How is a story able to draw you in, capture your imagination, and keep you coming back for more? Why do we get addicted to marathoning episodes of shows like Lost, or Breaking Bad, or Game of Thrones?

And why do some stories resonate with us, while others leave us feeling unsatisfied or angry or feeling nothing at all?

I began to wonder if there is a story frequency, at which a story resonates not only with our minds, but with our bodies as well. Similar to how a particular radio station comes in perfectly clear when you’re on it, but dial the tuner up or down just a bit and you get static, or a whole other station completely.

Stories are delicate machines that need to be fined tuned to get the perfect resonance. And if a story resonates with us, we tend to like it, remember it, and possibly learn from it.

And just because a story doesn’t resonate with you, doesn’t necessarily make it a bad story. That’s why there are millions of stories in the world — all meant for different groups of people in all different cultures.

A South American film might not resonate with me, but it will for millions of people in South America. A Russian folk tale might not have any meaning for me, but it will for people who grew up hearing it. I’m just not tuned to those stations, but millions of others are.

I think it’s an interesting point to consider, because often people say (myself included) “That story sucked” or “I hated that story.” And we are all entitled to our opinion. But just as often, a story which we revile is someone else’s all-time favorite. It resonates with them.

And I think that might be why we return to our favorite movies and books multiple times. If a story resonated with us in the past, we want to feel those euphoric feelings again in the present.

How else to explain why, even though I’ve seen them at least a dozen times, I’ll watch Star Wars or Empire Strikes Back if they’re on TV? After the first time watching or reading a story, you know the plot so any sense of mystery or “what happens next” is gone. So why do we keep coming back for more?

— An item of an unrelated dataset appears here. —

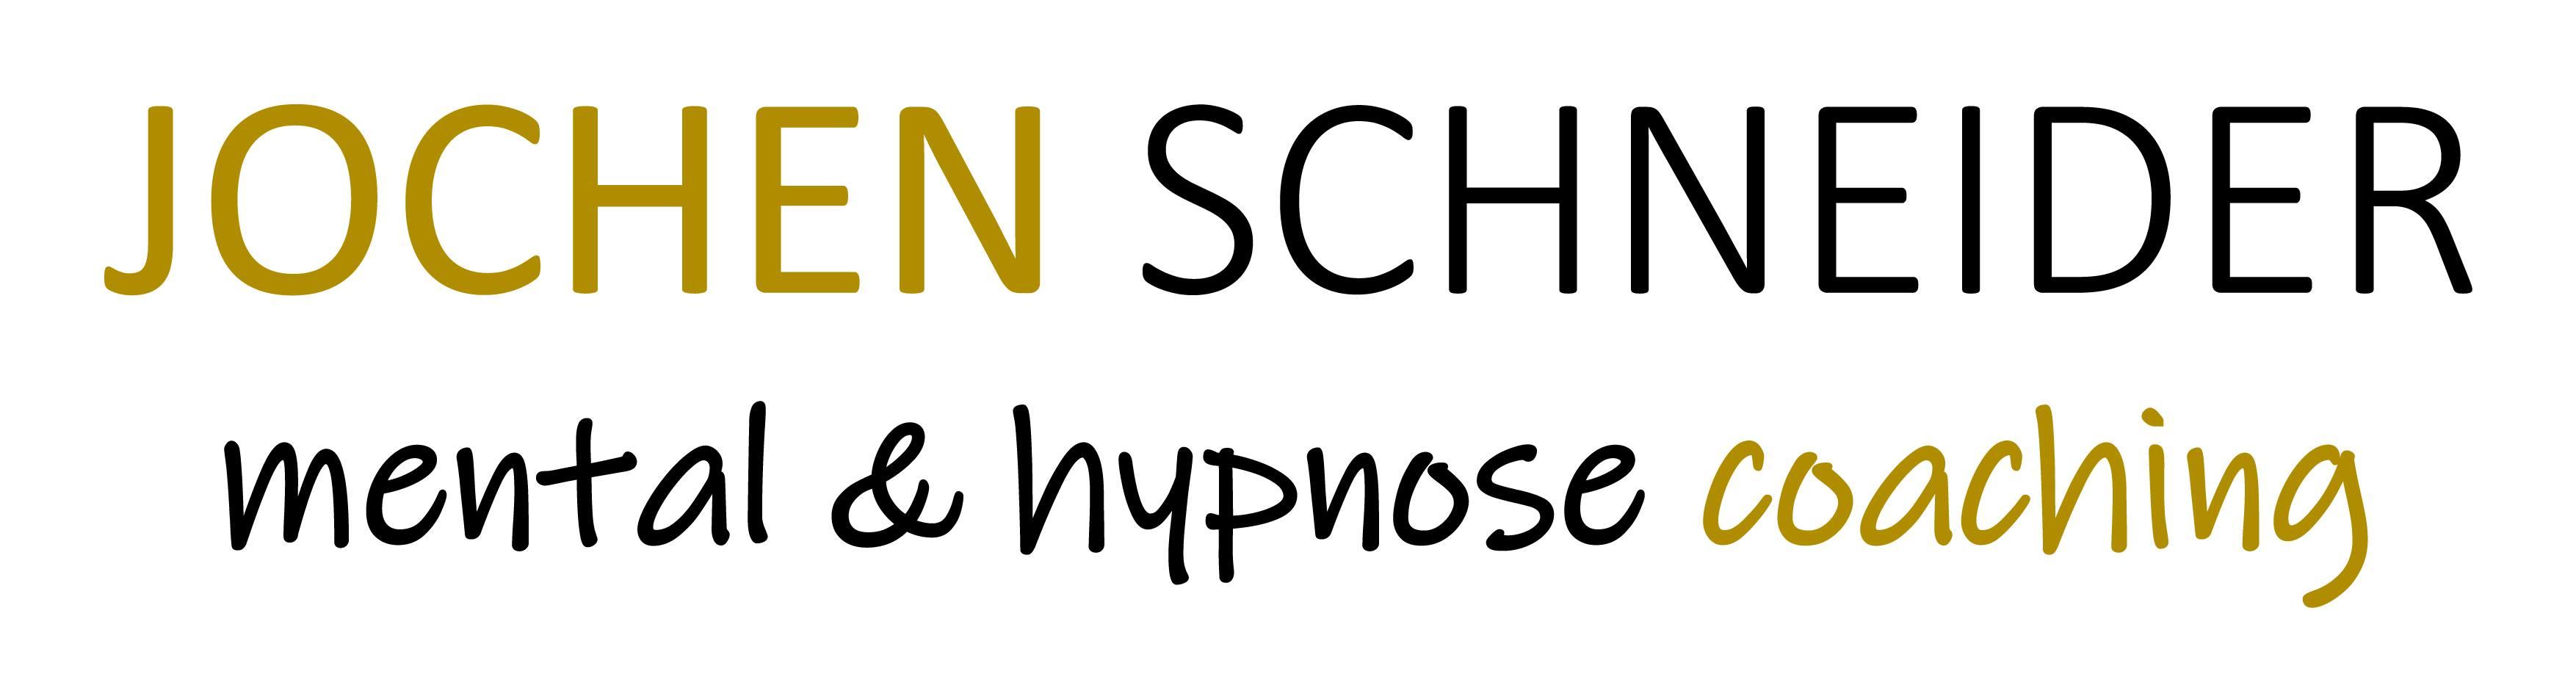 Jochen Schneider Coaching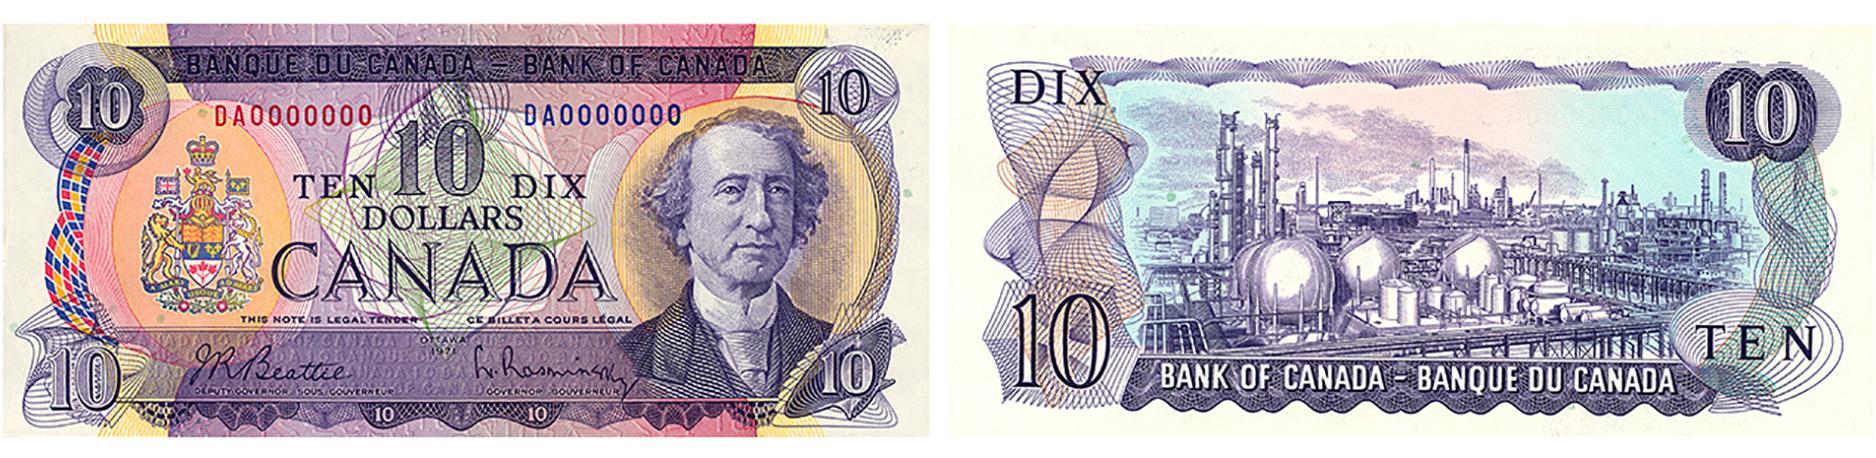 Recto et verso d'un billet de banque violet illustré d'une usine et de ses tuyaux, réservoirs et cheminées.

My guess is that the pleasure center of our brain is activated when we experience a story that resonates with us. Stories that resonate with us make us feel good. And as humans, we seek out things that make us feel good.

In writing this, I came across an article about a study of video-gamers which found that the pleasure centers of the brain were larger in teenagers who played video games.

It might help explain why we need to get through that next installment of our new favorite book or TV show.

What are the books or movies that resonate with you? Which ones do you return to over and over?